F45 Training Holdings, Inc. reported closing a new $90 million subordinated debt facility provided by a consortium of existing investors led by affiliates of Kennedy Lewis Management LP to improve the company’s balance sheet and liquidity.
“The financing transaction, combined with our recently implemented operational realignment and cost reduction initiative, enables us to increase the support we provide our valued franchisee network and continue to deliver on our mission of offering the world’s best workout,” said Ben Coates, F45’s interim CEO. “We are glad to have secured this significant financing from investors who share our vision.”

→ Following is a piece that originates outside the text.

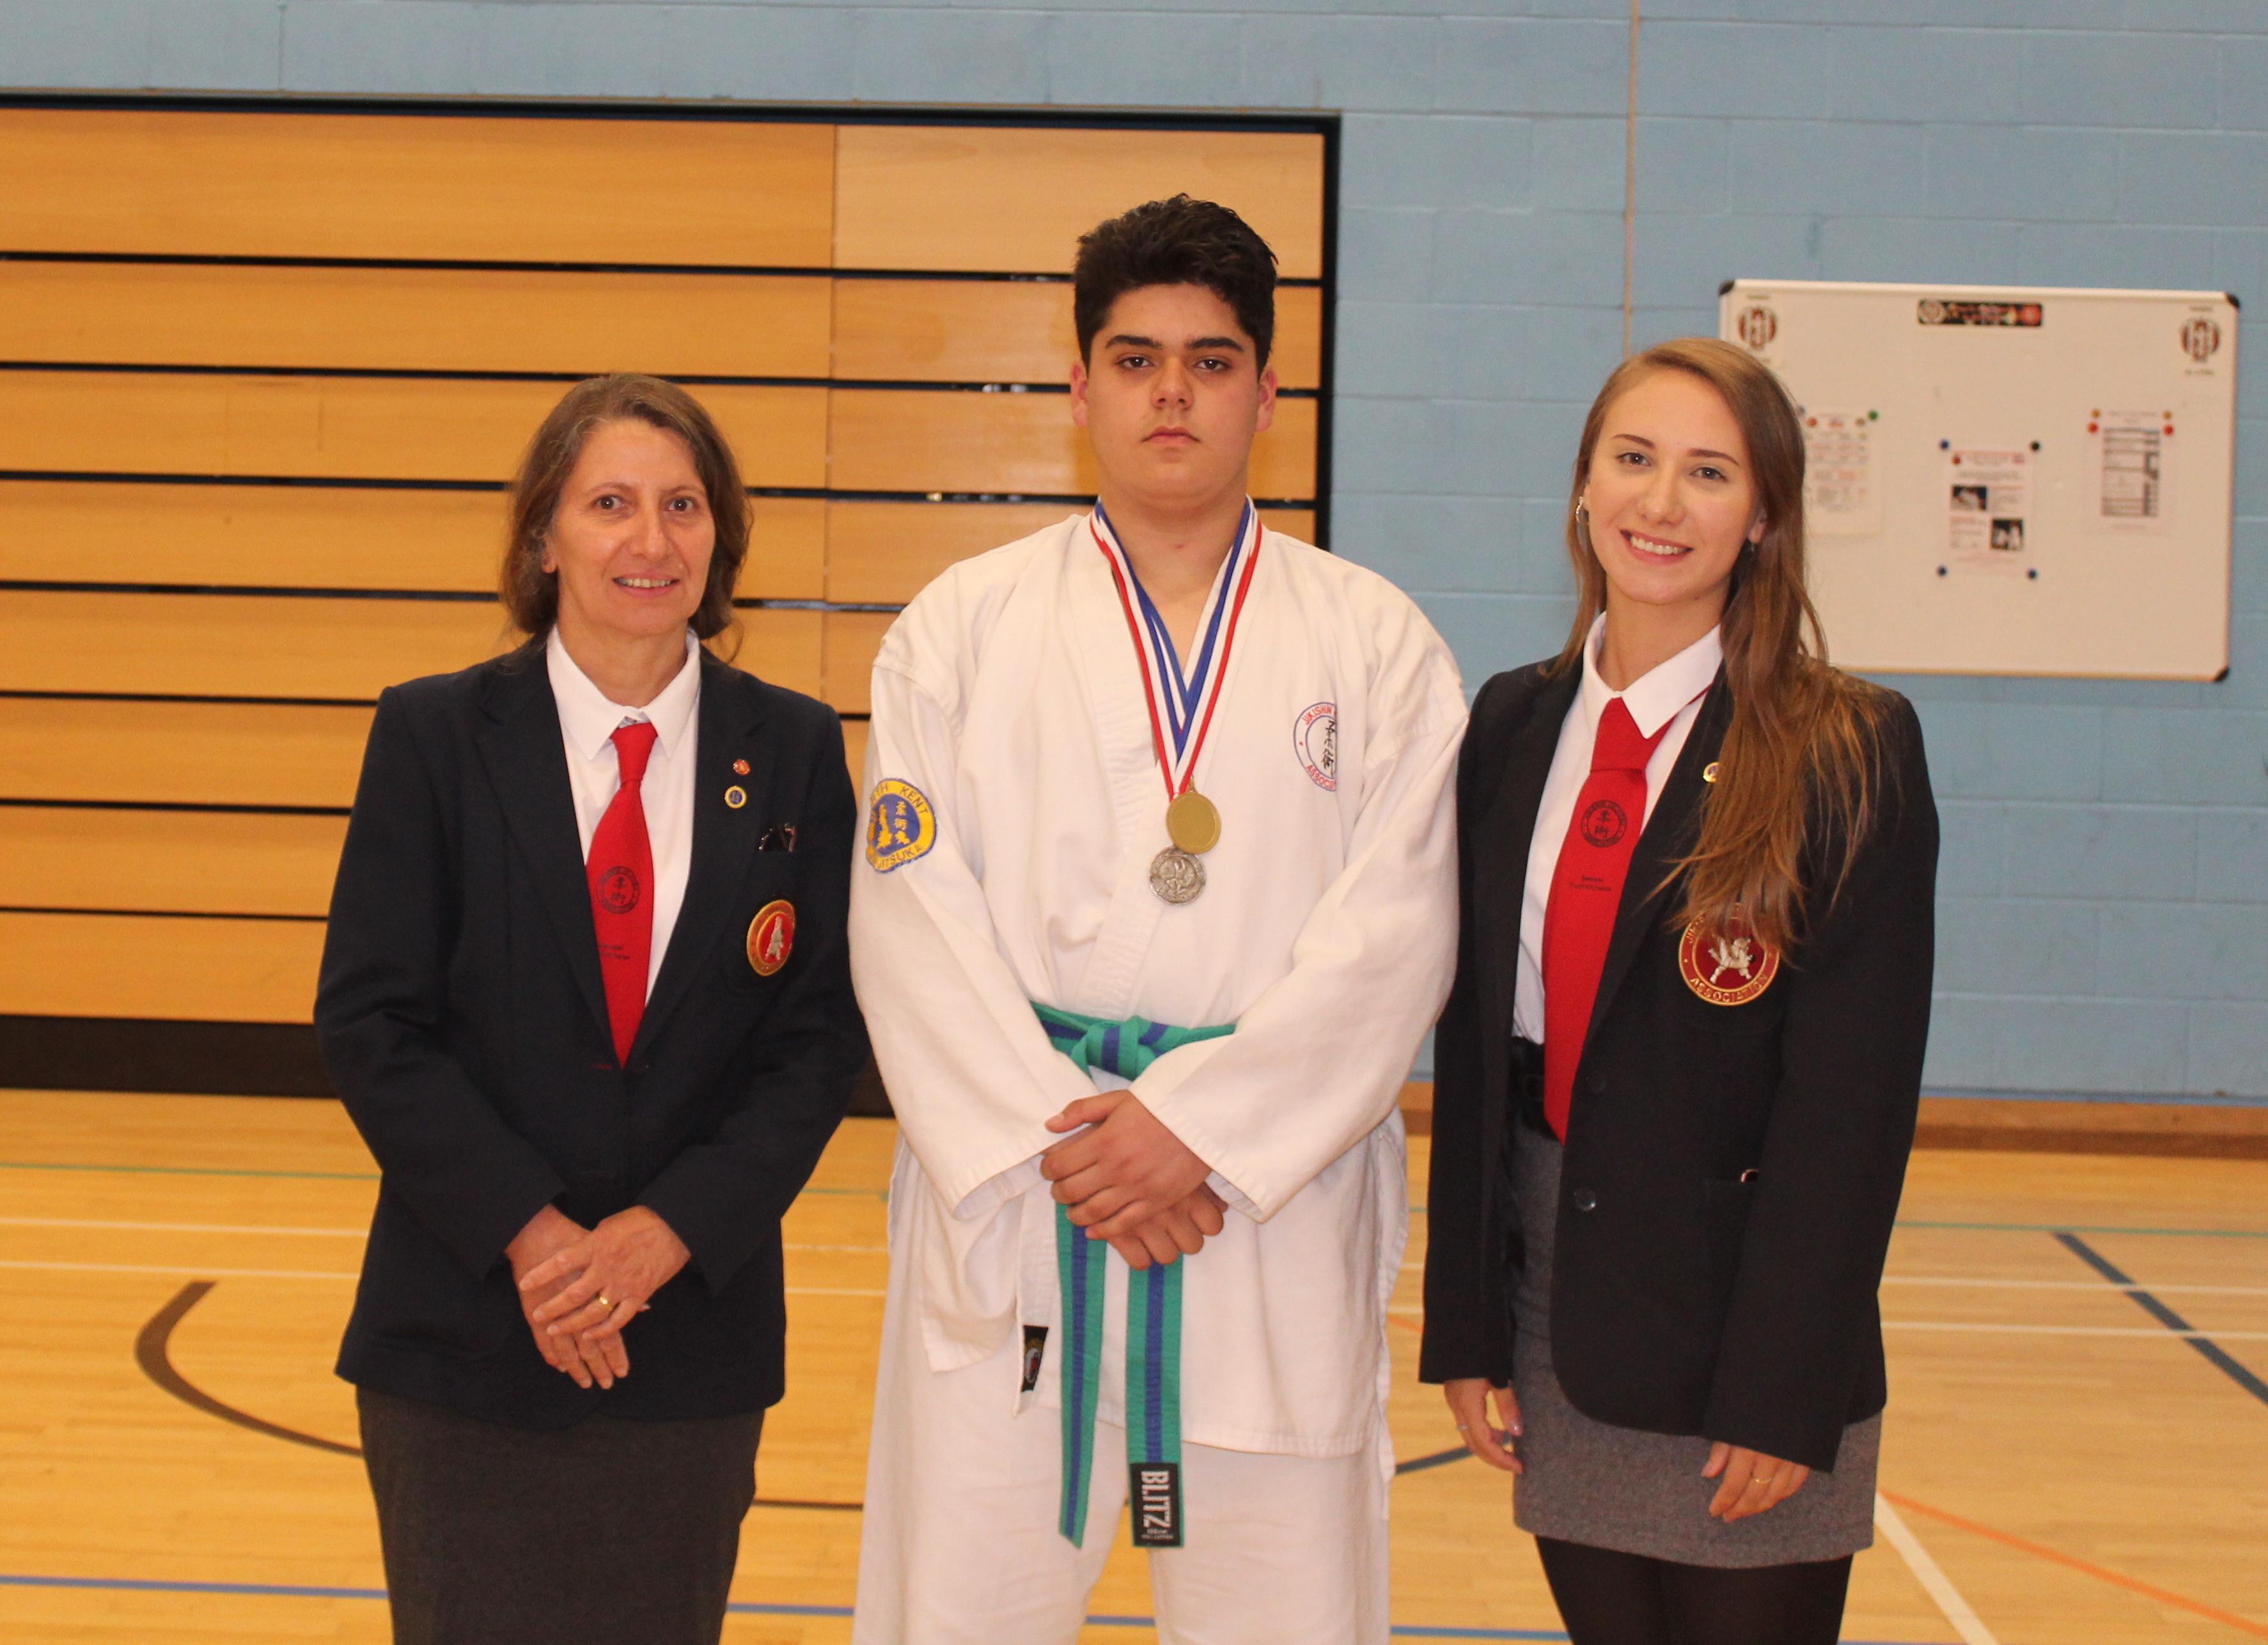 North Kent Ju-Jitsu Kai student winning silver and gold medals

Darren Richman, co-founder, co-portfolio manager, and co-managing partner of Kennedy Lewis, added, “We’re pleased to deepen our partnership with F45, an innovator with a differentiated brand that is uniquely positioned to capitalize on the growing trend of consumers prioritizing health and fitness in their daily lives. As long-time investors in F45, we have a deep understanding of, and continued confidence in, the business and the opportunity ahead for F45 as a disruptor in the fitness space.”
Board Director Appointments
In connection with the closing of the transaction, current board member Gene Davis, with more than four decades of strategic planning, business transformation and governance expertise, was appointed chairman, along with four new independent directors who were appointed to the board, including Timothy Bernlohr, Lisa Gavales, Steven Scheiwe, and Ray Wallander.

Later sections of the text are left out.